Now that the inevitable has come to pass, now that the armaments have been put to the use for which they were always intended, and the tale of battle is too terrible to be told, press and pulpit are calling Christianity to account for its failure to preserve peace. Ethical societies are reminding us, with something which sounds like elation, that they have long pointed out "the relaxed hold of doctrine on the minds of the educated classes." How they love that phrase, "educated classes," and what, one wonders, do they mean by it? A Jewish rabbi, speaking in Carnegie hall, laments, or rejoices—it is hard to tell which—that Christian Churches are not taken, and do not take themselves, seriously. Able editors comment in military language upon the inability of religious forces to "mobilize" rapidly and effectively in the interests of peace, and turn out neat phrases like "anti-Christian Christendom," which are very effective in editorials. Popular preachers, too broad-minded to submit to clerical authority, deliver "syndicated sermons," denouncing the "creeds of the Dark Ages," which still, in these electricity-lighted days, pander to war. Worse than all, troubled men, seeing the world suddenly bereft of justice and of mercy, lose courage, and whisper in the silence of their own sad hearts, "There is no God."

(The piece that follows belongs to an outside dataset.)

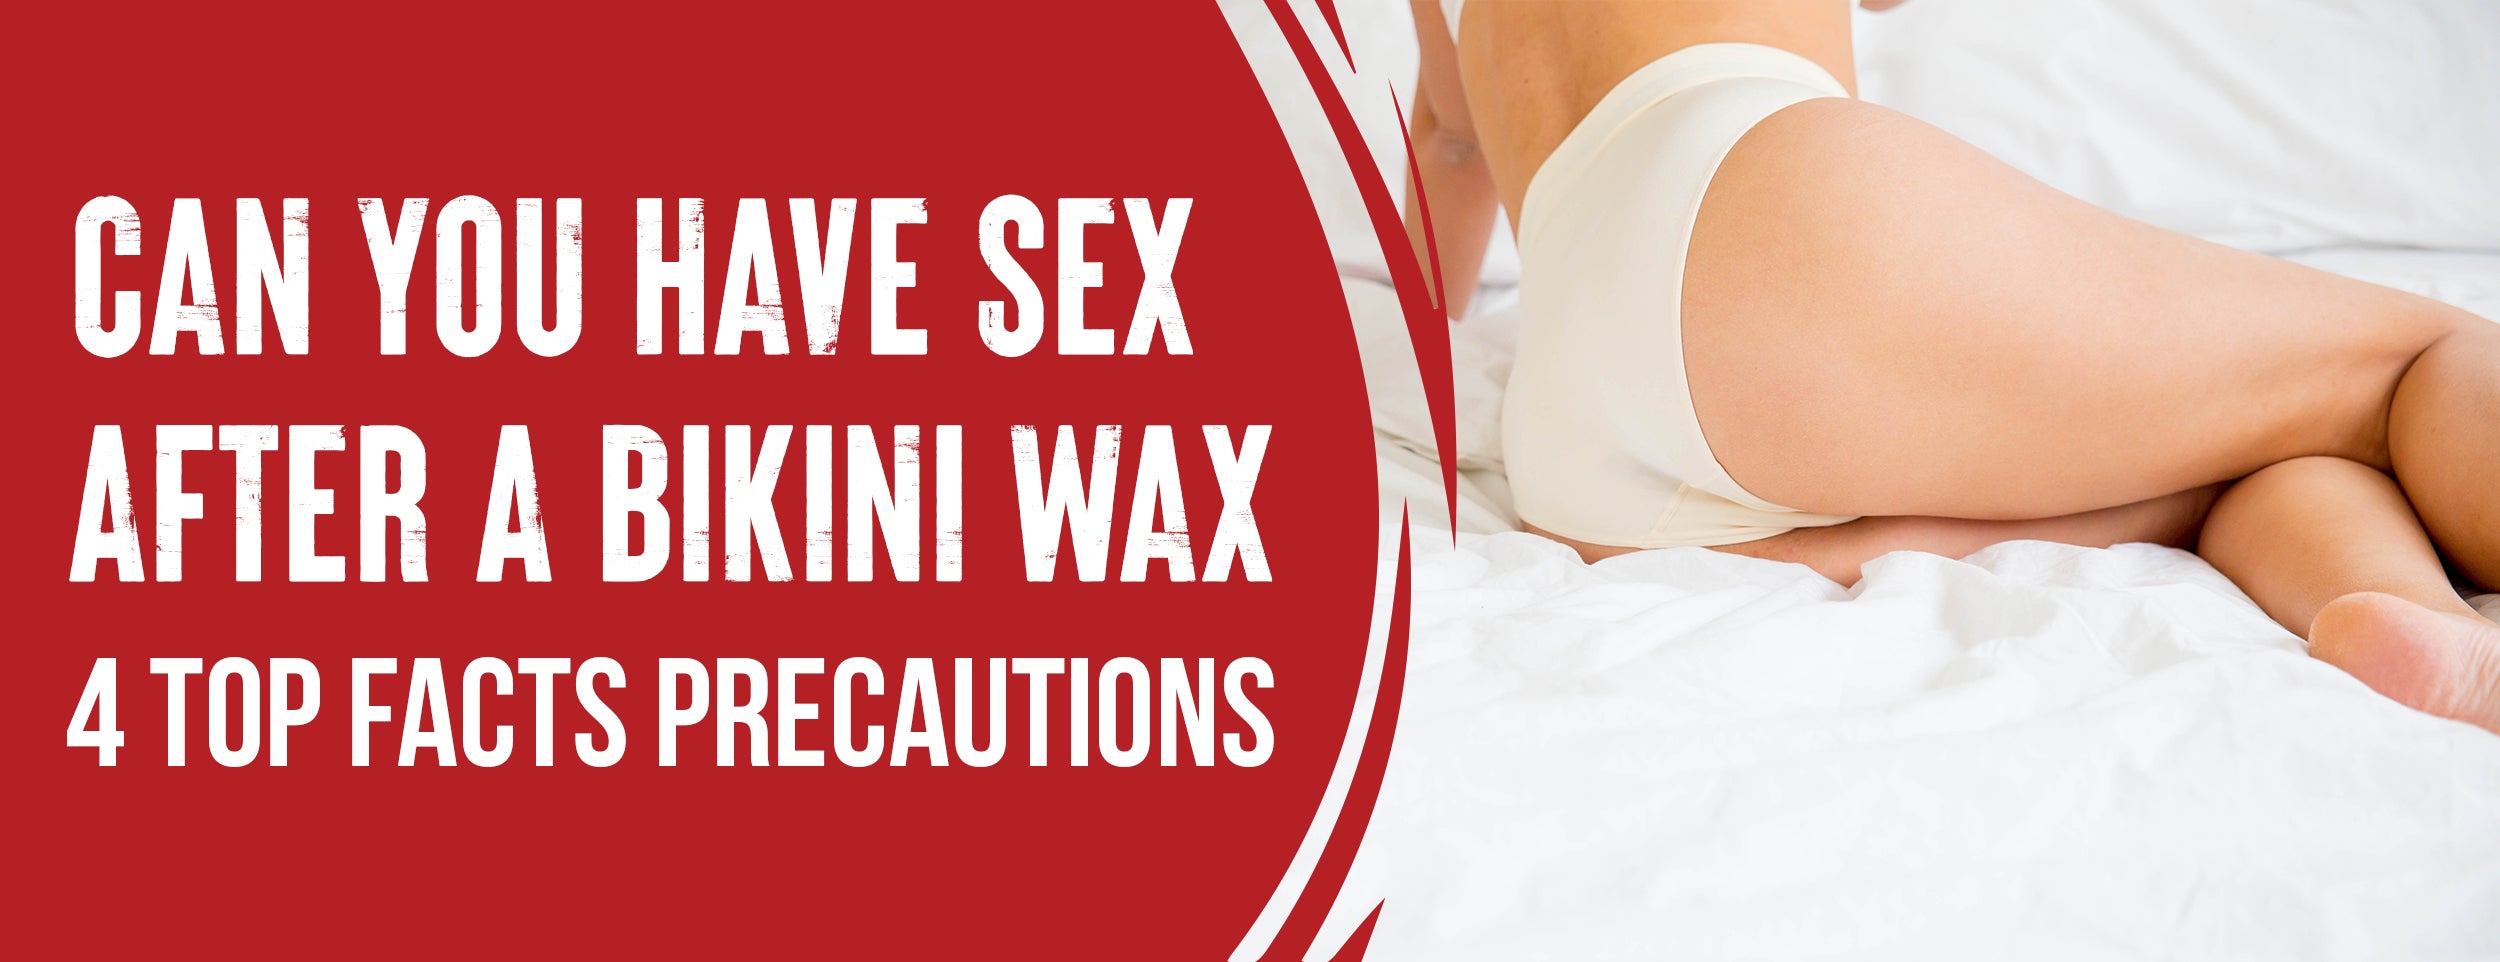 Top Facts & Precautions After Getting A Bikini Wax

Meanwhile, the assaulted churches take, as is natural, somewhat conflicting views of the situation. Roman Catholics have been disposed to think that the persecutions of the Church in France are bearing bitter fruit; and at least one American Cardinal has spoken of the war as God's punishment for this offence. But if the Almighty appointed Belgium to be the whipping boy for the sins of France, we shall have to revise our notions of divine justice and beneficence. Belgium is the most Catholic country in Europe. Hundreds of the priests and nuns expelled from France found shelter within its frontiers. But if it were as stoutly Lutheran or Calvinistic, it would be none the less innocent of France's misdemeanours. Moreover, it is worthy of note that French priests, far from moralizing over the situation, have rallied to their country's call. The bugbear, "clerical peril," has dropped out of sight. In its place are confidence on the one side, and unstinted devotion on the other. Exiled monks have returned to fight in the French army. Students of theological seminaries have been no less keen than other students to take up arms for France. Abbés have served as sergeants and ensigns, dying as cheerfully as other men in the monotonous carnage on the Aisne. Wounded priests have shrived their wounded comrades on the battlefield. Everywhere the clergy are playing manly and patriotic parts, forgetting what wrong was done them, remembering what name they bear.
England, with more precision, outlined her views in the manifesto issued September 29, 1914, and designed as a reply to those German theologians who had asked English "Evangelical Christians" to hold back their hands from bloodshed. The manifesto was signed by Bishops and Archbishops of the Church of England, and by leading Nonconformists, all of whom found themselves for once in heartfelt amity. It is a plain-spoken document, declaring that truth and honour (it might have added safety) are better things than peace; and that Christian England endorses without reservation the rightness of the war. One of the signers, the Bishop of London, is chaplain to the London Rifle Brigade. No doubt about his sentiments. The words of another, the Archbishop of York, are simple, sincere, and pleasantly free from patronage of the Almighty. "I dare to say that we can carry this cause without shame or misgiving into the presence of Him who is the Judge of the whole earth, and ask Him to bless it."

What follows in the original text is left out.